His opponent, the Conservative leader Andrew Scheer, will criticize the government as profligate, citing high government deficits. He’ll paint Mr. Trudeau as fickle and out-of-touch with average Canadians — someone more willing to apologize for historic wrongs than to admit his own mistakes or to understand what it means to balance the family pocketbook.

And he will try to capitalize on a recent scandal over meddling by Mr. Trudeau and senior Liberals in corruption charges against SNC-Lavalin, one of Canada and Quebec’s few global corporations. But it’s unclear this Liberal headache will swing many votes.

Mr. Trudeau will try, in turn, to link Mr. Scheer with Canada’s unpopular Conservative of the moment: Ontario’s premier, Doug Ford, who rode into office on a populist wave but whose policy upheavals and rhetorical excesses have caused support to plummet. Mr. Ford was even booed at the Toronto Raptors victory rally.

But Mr. Trudeau’s problem is not, ultimately, the relative strength of his opponent. It’s that after four years of low-key success, he may not have given enough Canadians, across enough provinces, enough of a reason to give him another term.

Canada, with a land mass slightly bigger than the United States but a population of only 37 million, is a hard country to govern. Quebec, Mr. Trudeau’s home province, is a distinct society in all but name. Ontario was once an industrial powerhouse but is struggling to emerge from rust-belt status.

The Maritime Provinces, along the Atlantic, are in long-term decline, while rising Western Canada chafes against the centripetal force of Ontario and Quebec. Mr. Trudeau’s government is weighted toward those traditionally dominant central Canadian provinces, even if it doesn’t think of itself in those terms.

The result is the kind of brokerage politics that manages some people’s resentments while dissatisfying many others. Take climate change or, specifically, the balance between energy production — the West’s mainstay — and environmental protection.

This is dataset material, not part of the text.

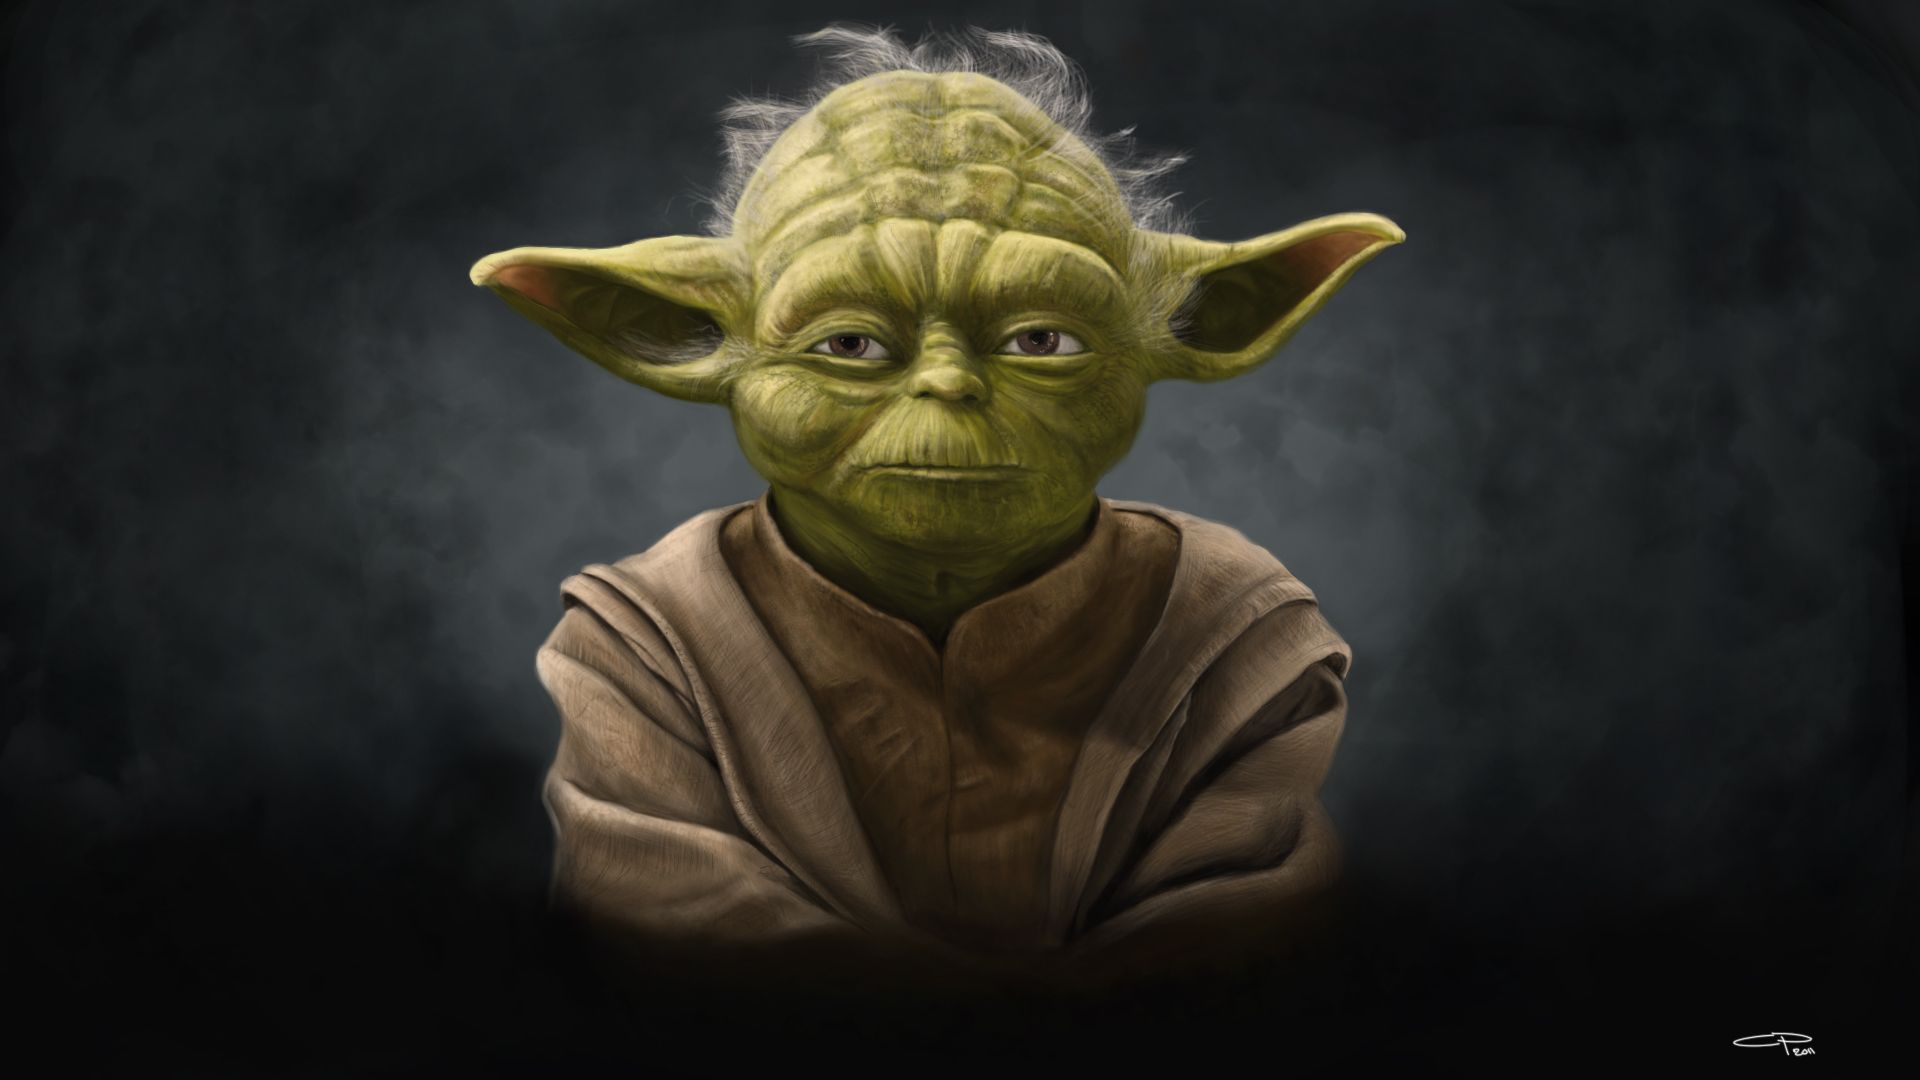 Star Wars Yoda Wallpaper

Amid weak global energy prices and weak private-sector investment, the government bought a pipeline and pipeline expansion project to ship Alberta oil to the Pacific coast and on to Asia, where markets are better for producers than in the United States. But this has won few plaudits in the oil patch, which contends that the government’s environmental sensitivity caused the uncertainty that made nationalization necessary.

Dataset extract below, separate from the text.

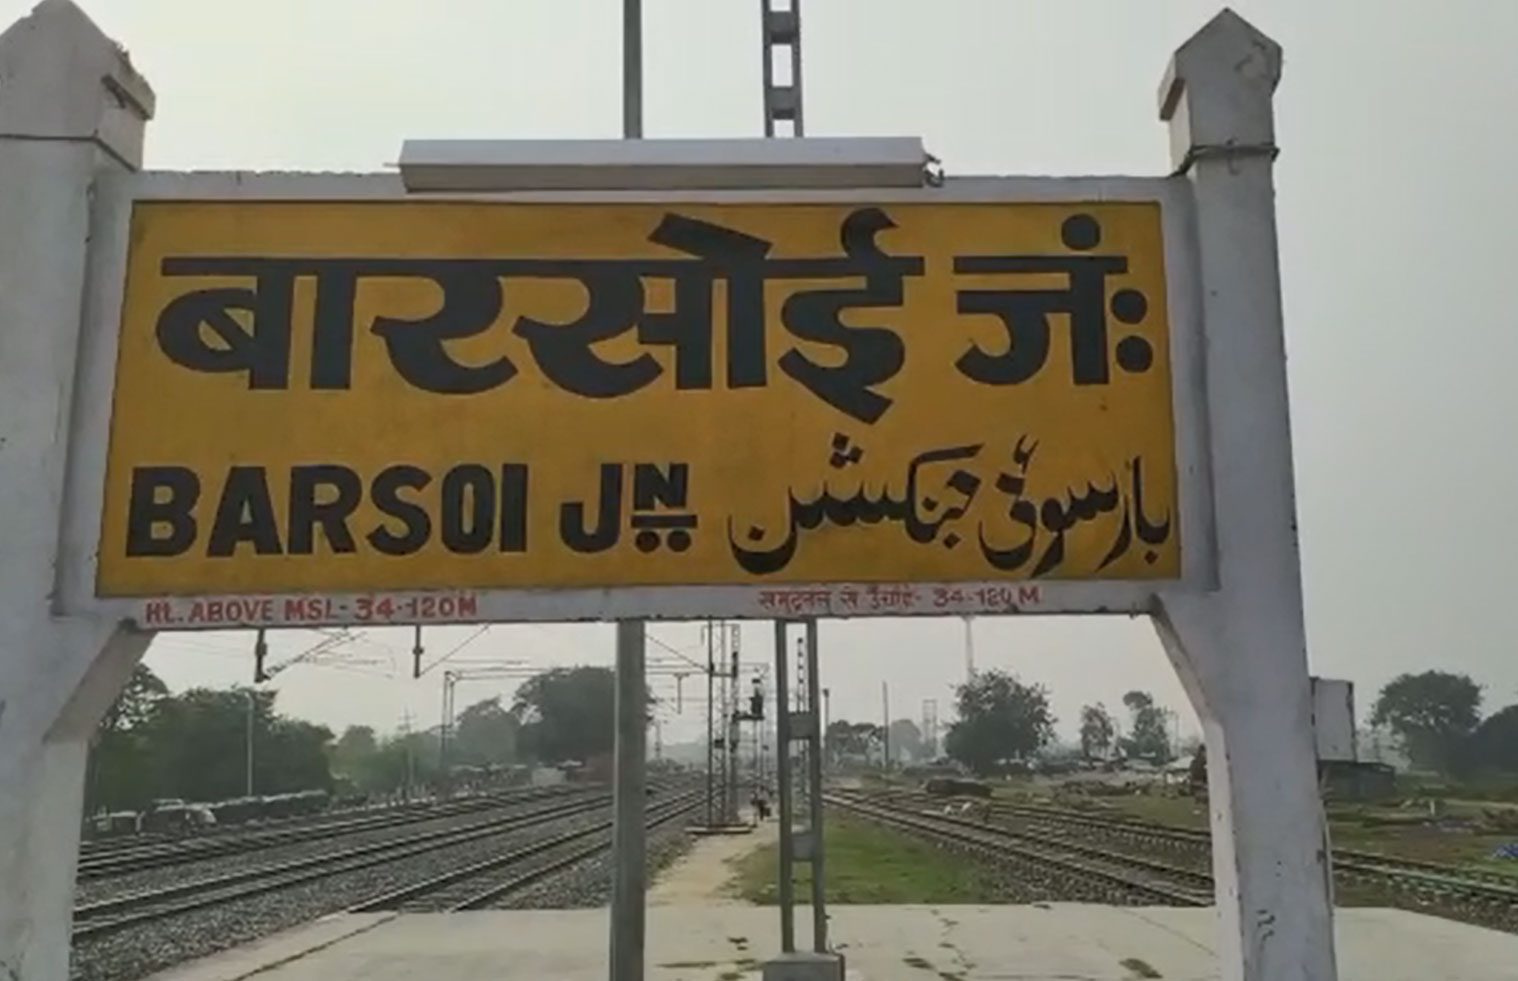 Barsoi Junction

Mr. Trudeau has tried to assuage his more liberal base of his environmental bona fides by committing Canada to the Paris climate accords, but they complain that his ensuing carbon tax is set too low to make a difference, even as conservative provincial governments are challenging the very idea of the tax in court on the ground that it treads on provincial jurisdiction. This imbroglio may well cost Mr. Trudeau some of the few seats he holds in Western Canada, to the benefit of his Conservative opponents.

Canadian elections still turn on Quebec, where Mr. Trudeau appears dominant, and especially Ontario, where Mr. Trudeau is at the very least competitive with the Conservatives. But even there, Mr. Trudeau may be weakened by the left. The Green Party has made inroads with the sort of liberal urban voters who should be part of his base.

Mr. Trudeau’s inability to translate his global glamour into electoral excitement at home, combined with his failure to solve the riddle of Canadian politics, means that for all his success in office, he is unlikely to win outright on Election Day. Instead, he will probably end up bargaining with opponents to keep power.

That’s what Pierre Trudeau did in 1972 to survive. Two years later, he won the first of two more majority governments, ruling for nine of the next 10 years. Justin Trudeau knows that history too.

Drew Fagan is a professor at the Munk School of Global Affairs and Public Policy at the University of Toronto.